Exercise prompt: Leave the images aside and repeat the whole listing exactly.

Available data:

********

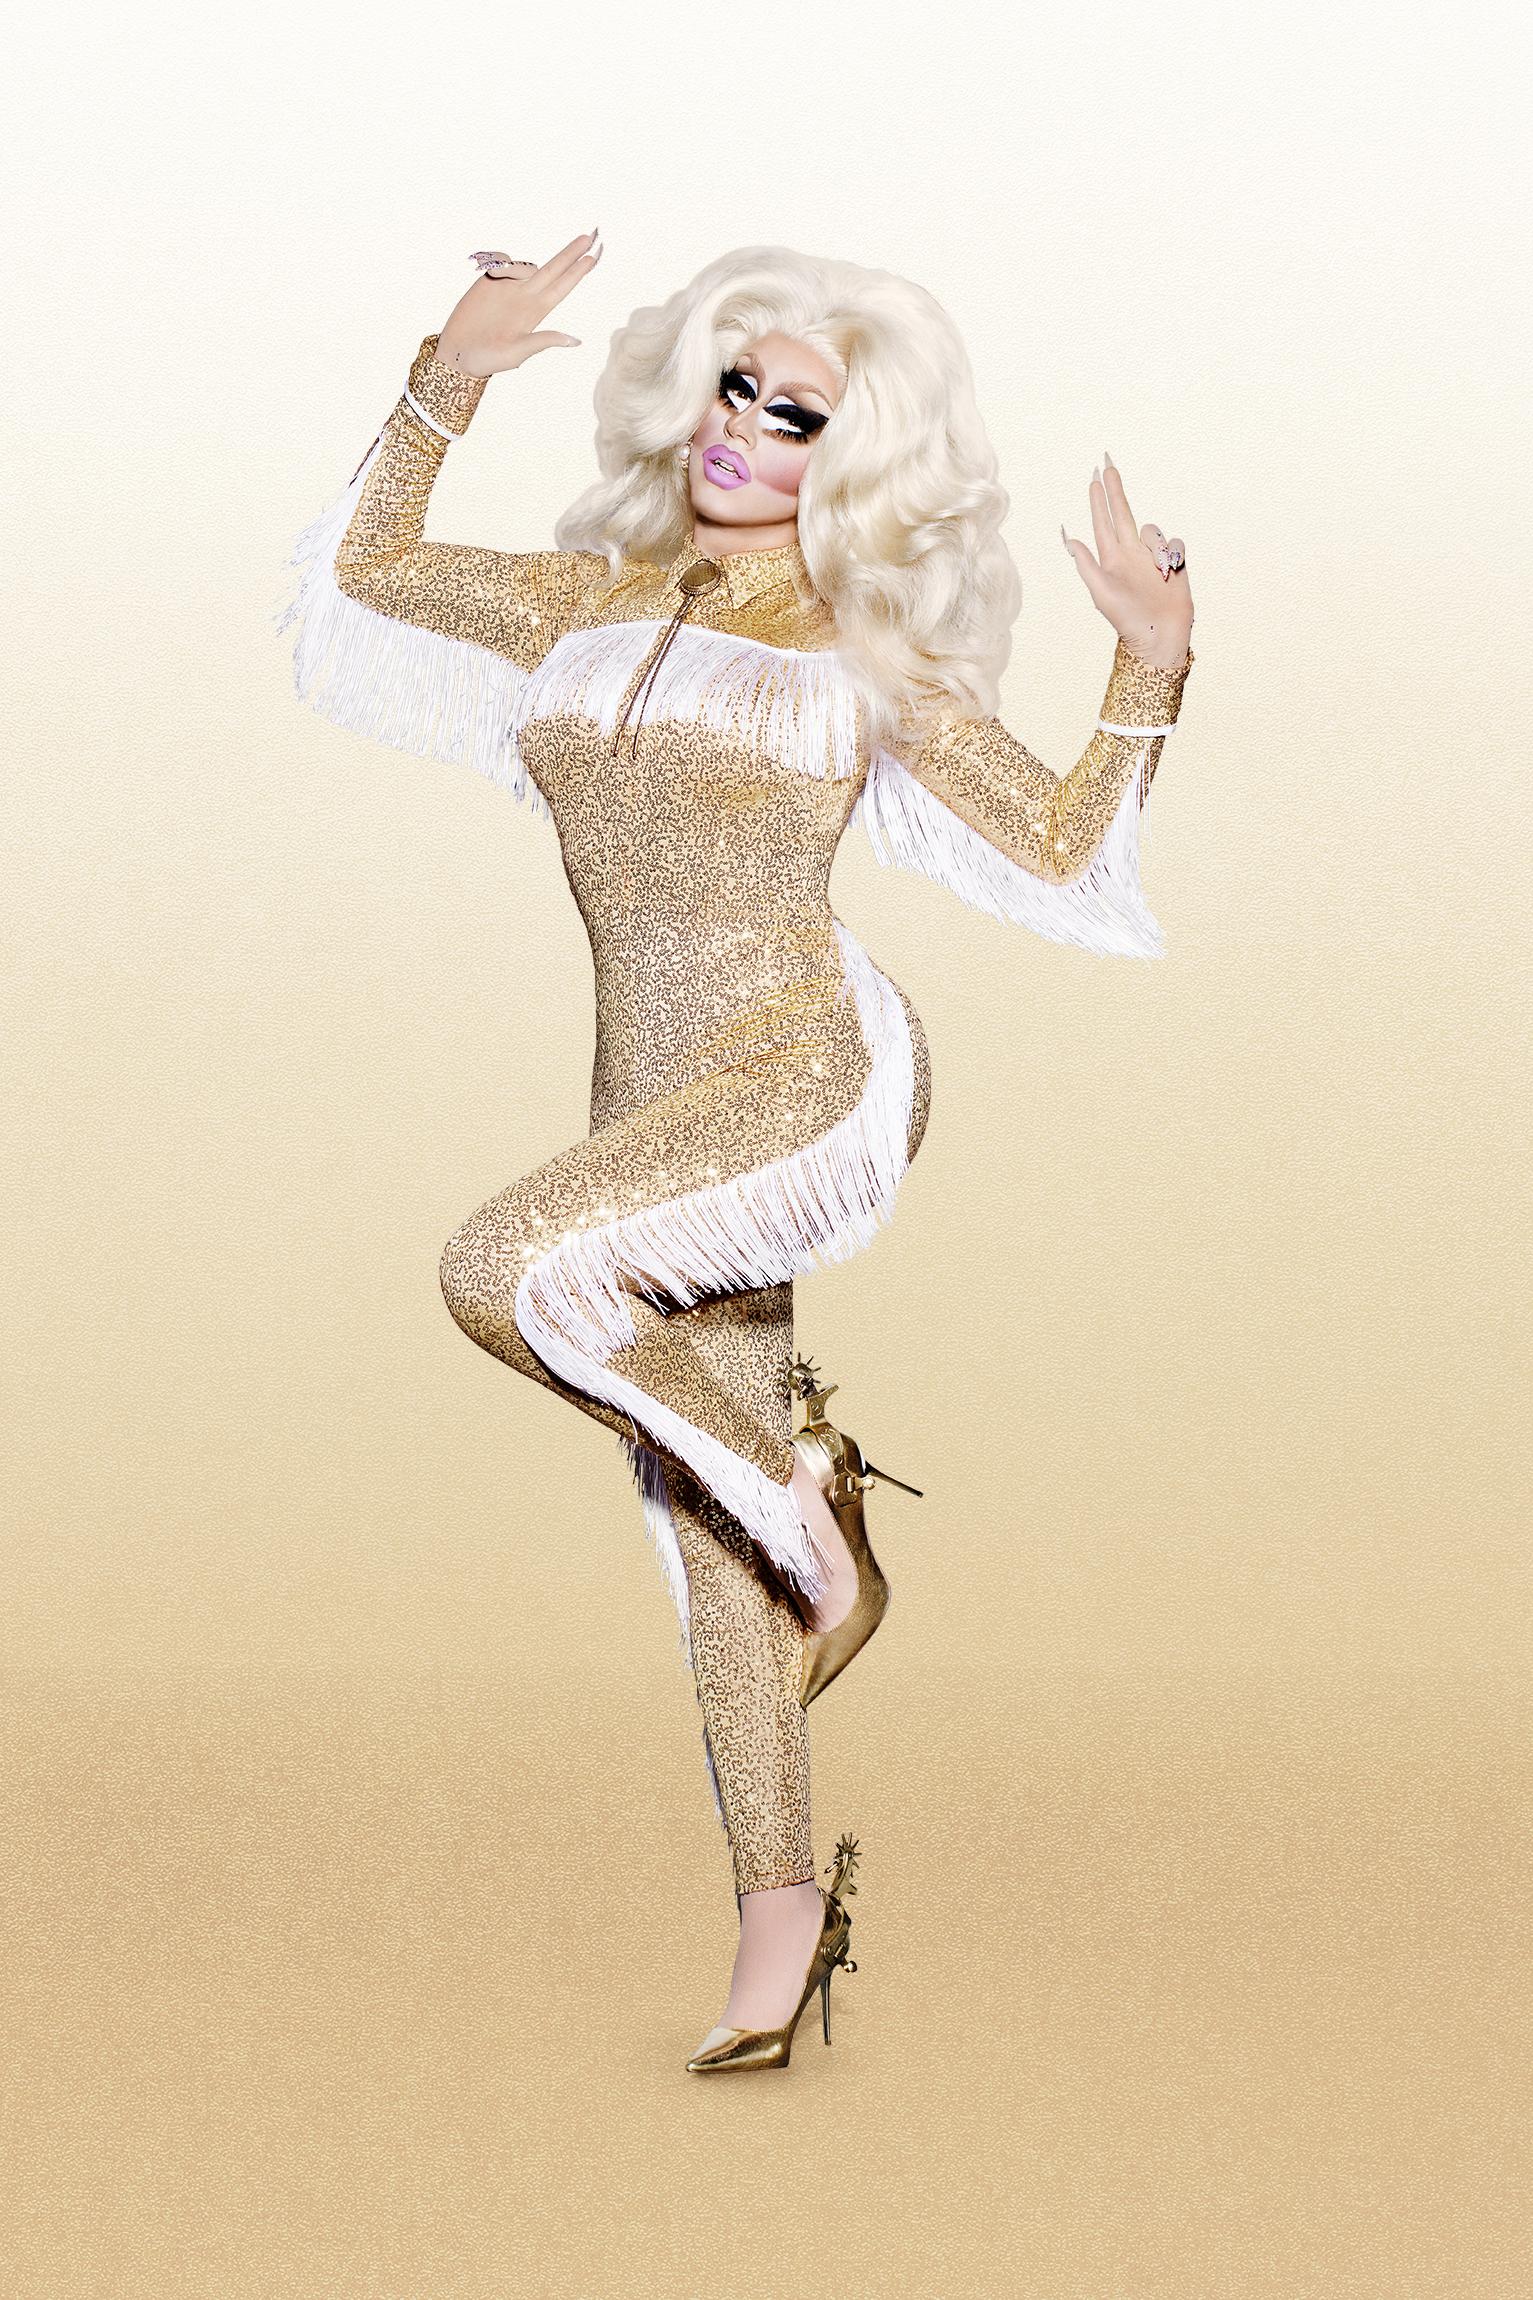 Trixie Mattel Drag Race
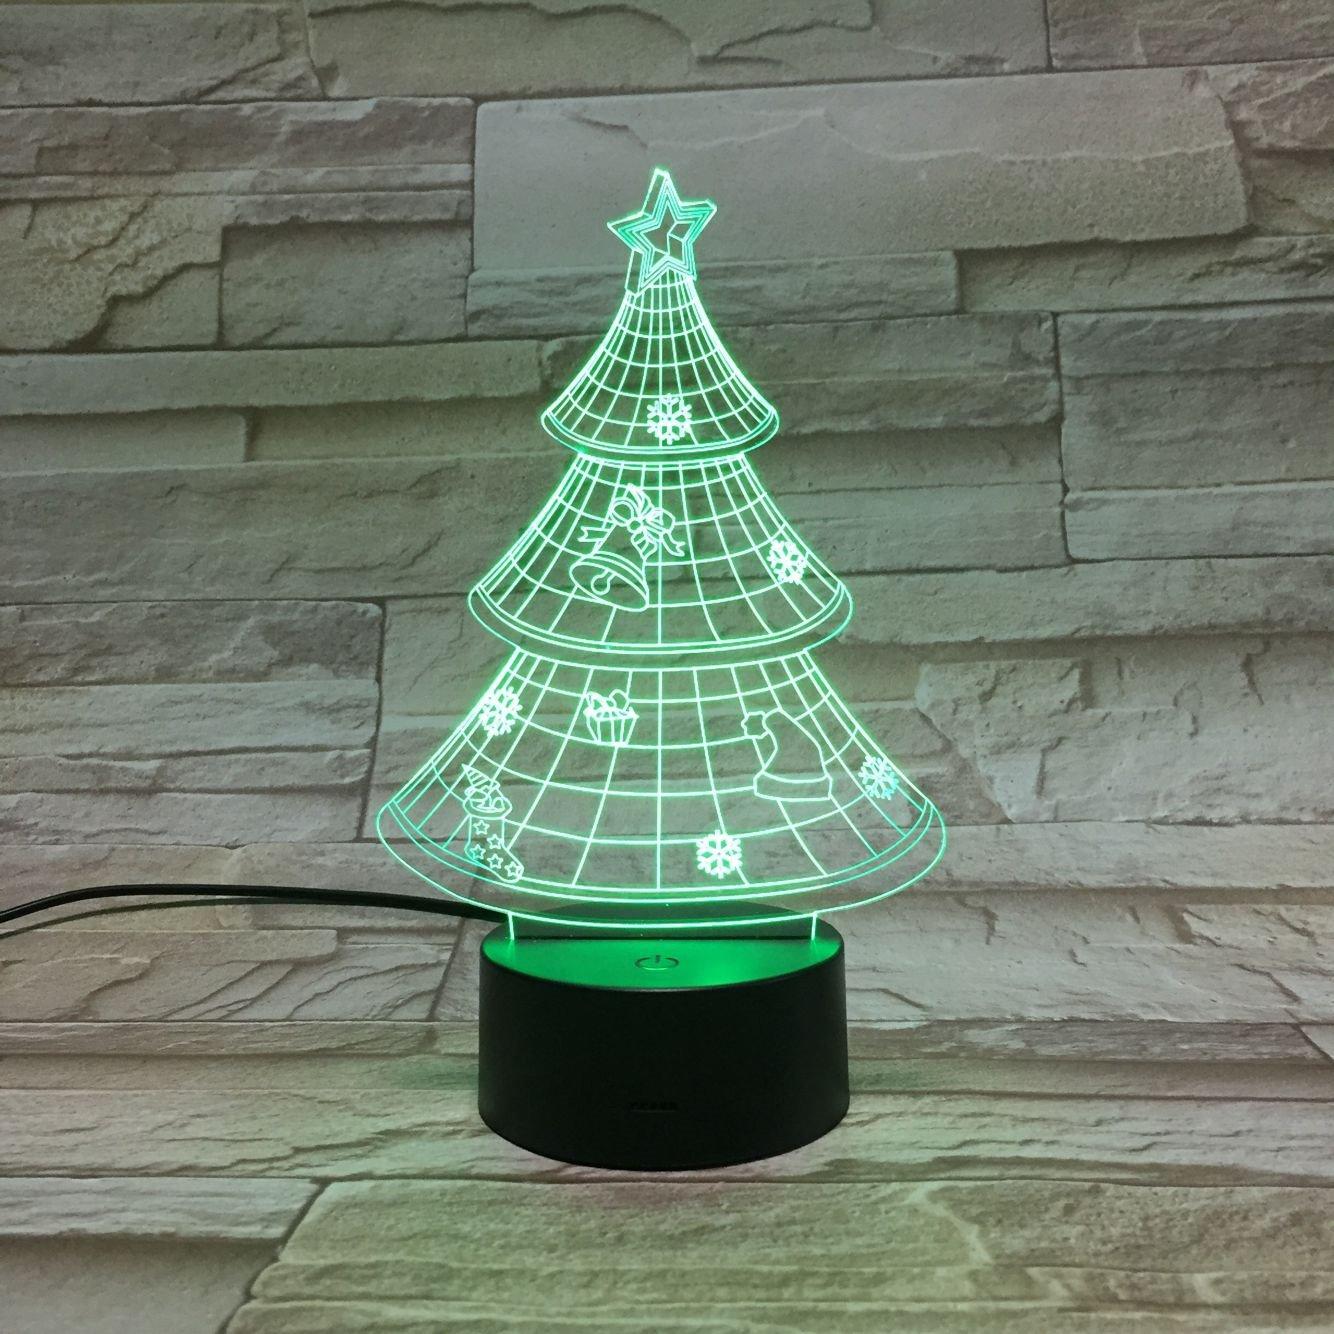 3D ナイトライト B072K3B73N 10609 クリスマスツリー クリスマスツリー
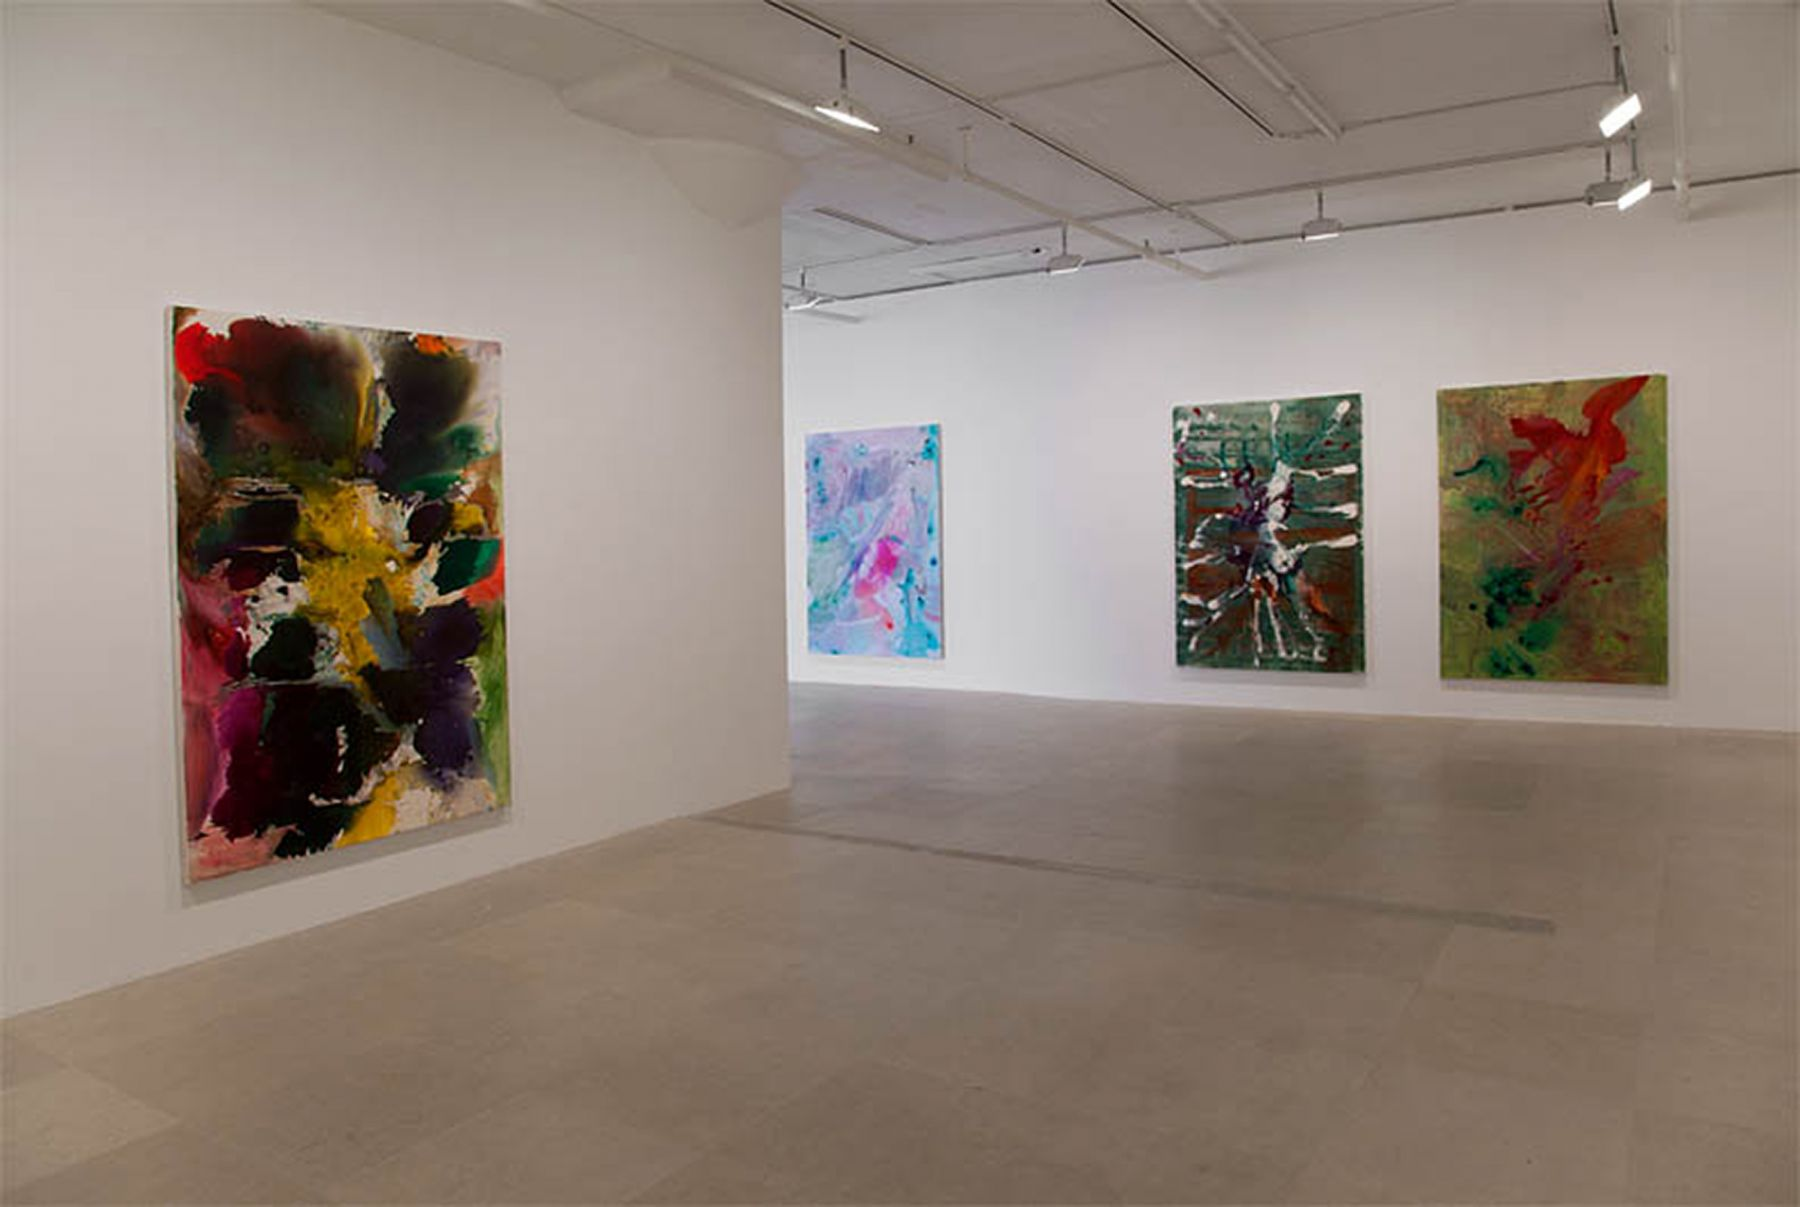 Installation view, Greene Naftali, New York, 2011

********

Exercise response:
 Trixie Mattel Drag Race
 3D ナイトライト B072K3B73N 10609 クリスマスツリー クリスマスツリー
 Installation view, Greene Naftali, New York, 2011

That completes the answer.